Wednesday, 28 November 2012

Why academics is not everything? - Lawrence High School

We have all heard of the proverb- All work and no play makes Jack a dull boy. It cannot be truer in times like these when academic pressure pushes the student to the brink. In the face of cut-throat competition where scoring in exams is crucial to one’s career, one must stop and pause to think of what kind of generation are we nurturing where he/she is judged only by the performance in mainstream path.

It is also interesting to note the contradiction in the scenario where there is a lot of talent emerging in fields other than academics and the plethora of opportunities that are available today in various vocations- a thing that was absent a decade ago.  Why then does a Gen Y child feel desolate and depressed when faced with failure in examinations?

The reason could perhaps lie in the fact that while we are transitioning from an academic oriented society to a wider arena where careers in lesser known fields are coming out in the open, the change in the mindset of people is yet to be complete.  A failure in one’s exam is still seen as a blot on one’s life and career- something, that cannot be redeemed.
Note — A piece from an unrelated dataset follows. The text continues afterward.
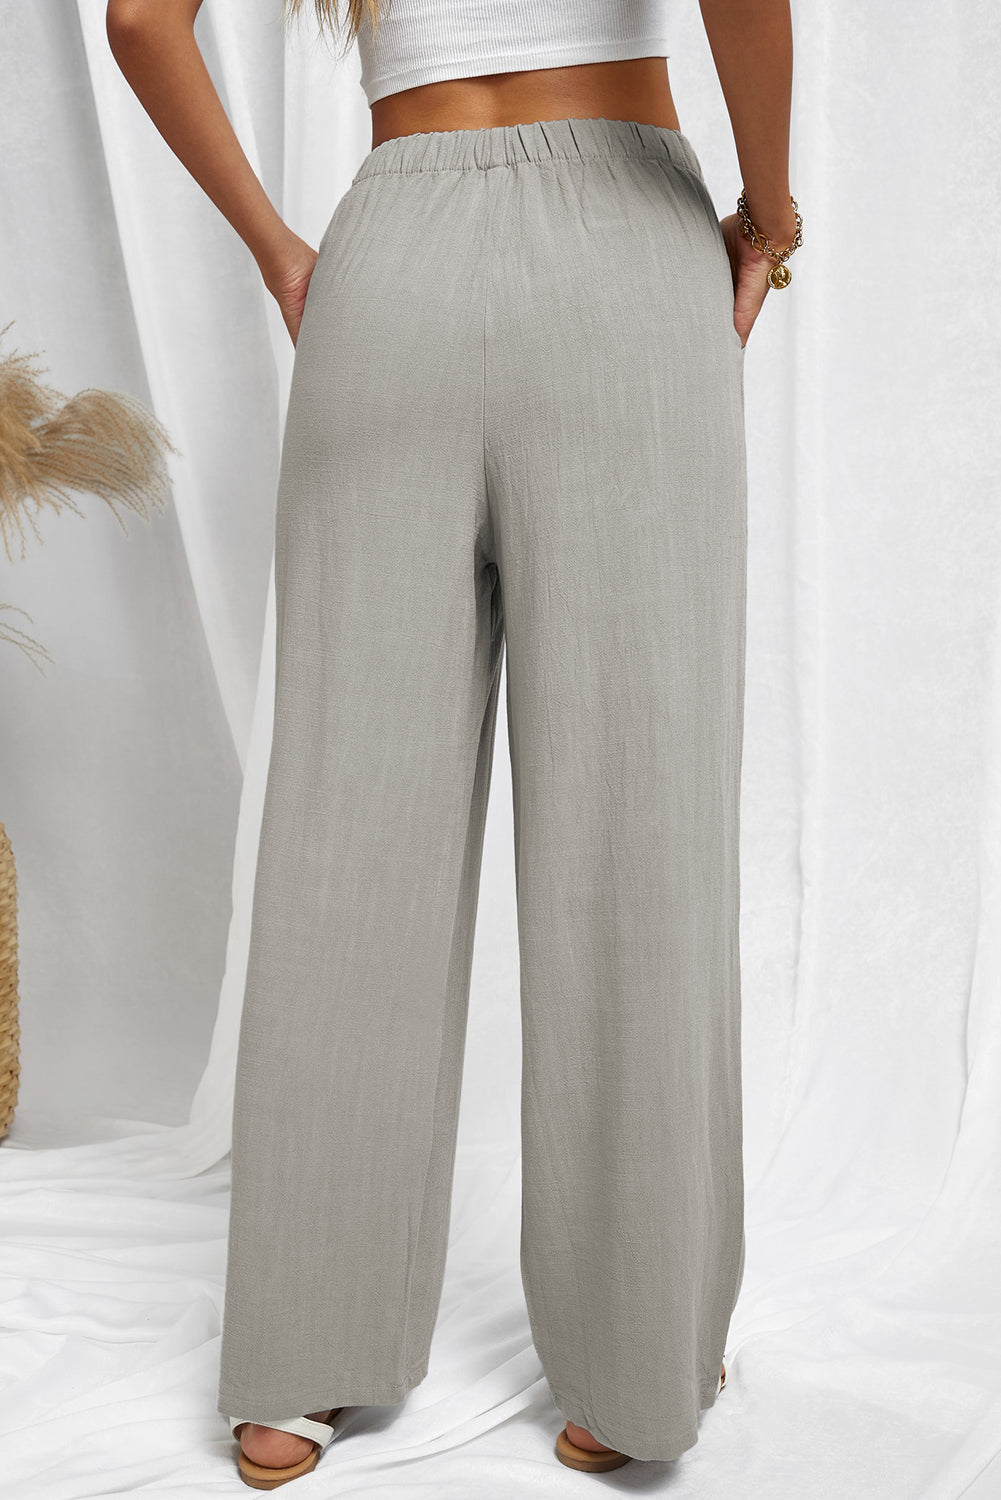 Drawstring Elastic Waist Pants with Pockets - Bottoms - Pants - 12 - 2024
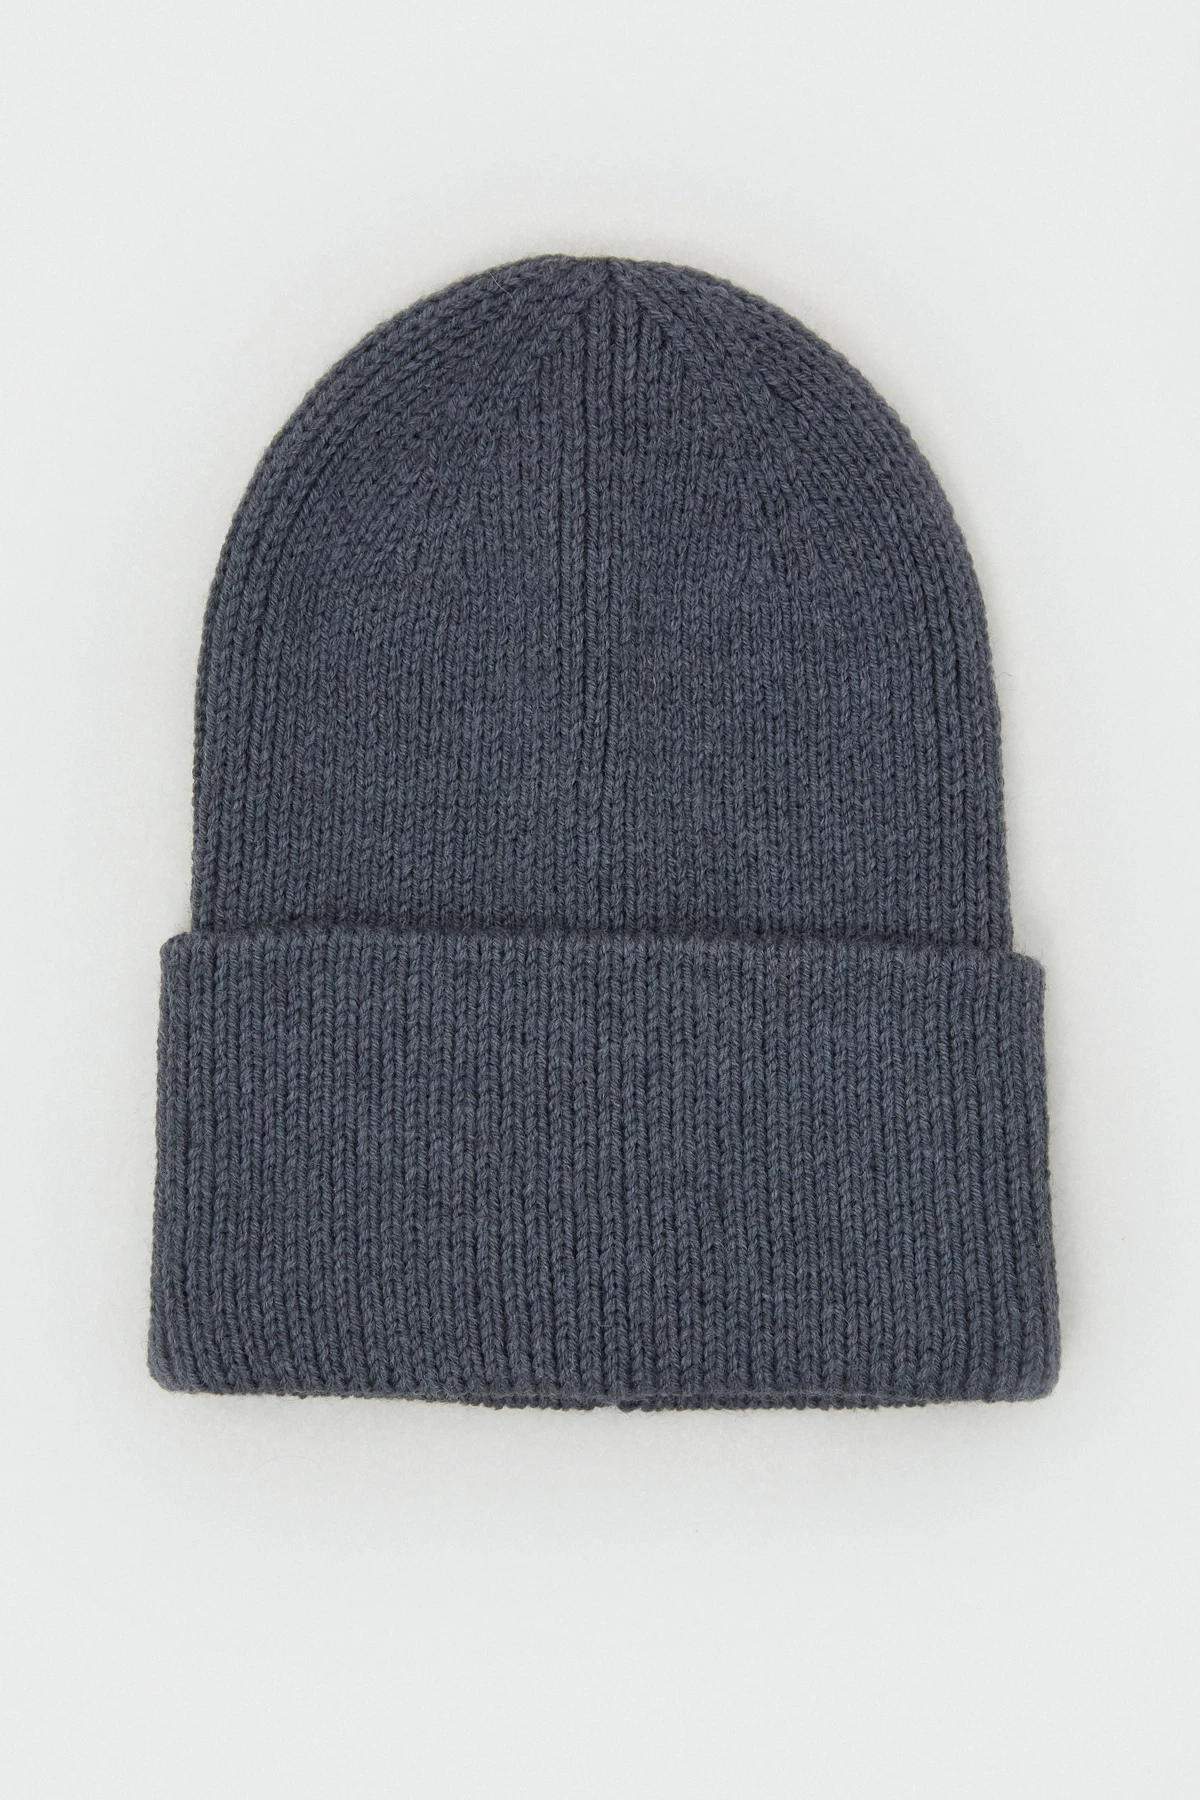 Knitted woolen gray beanie hat, photo 2

Educational institutions need to not only integrate co-curricular activities within the syllabus but also to educate students about the possibilities of a career in lesser known fields.  It would also help to facilitate an environment where stress on other vocations is equal, opening up opportunities to bring out other talents in students in areas like sports, music, arts and other creative fields.
 An alternate career-path 
As parents and as a society too, we need to accept that being an engineer, doctor or a chartered accountant is not everything. There are successful people in other fields too. The key lies in discovering your passion at an early stage.  Failure in a particular test does not mean that the person is a failure. Not everybody excels in academics. Each person has a unique talent that needs to be identified and nurtured. And, what better institution than the school could be more equipped to carry out this task?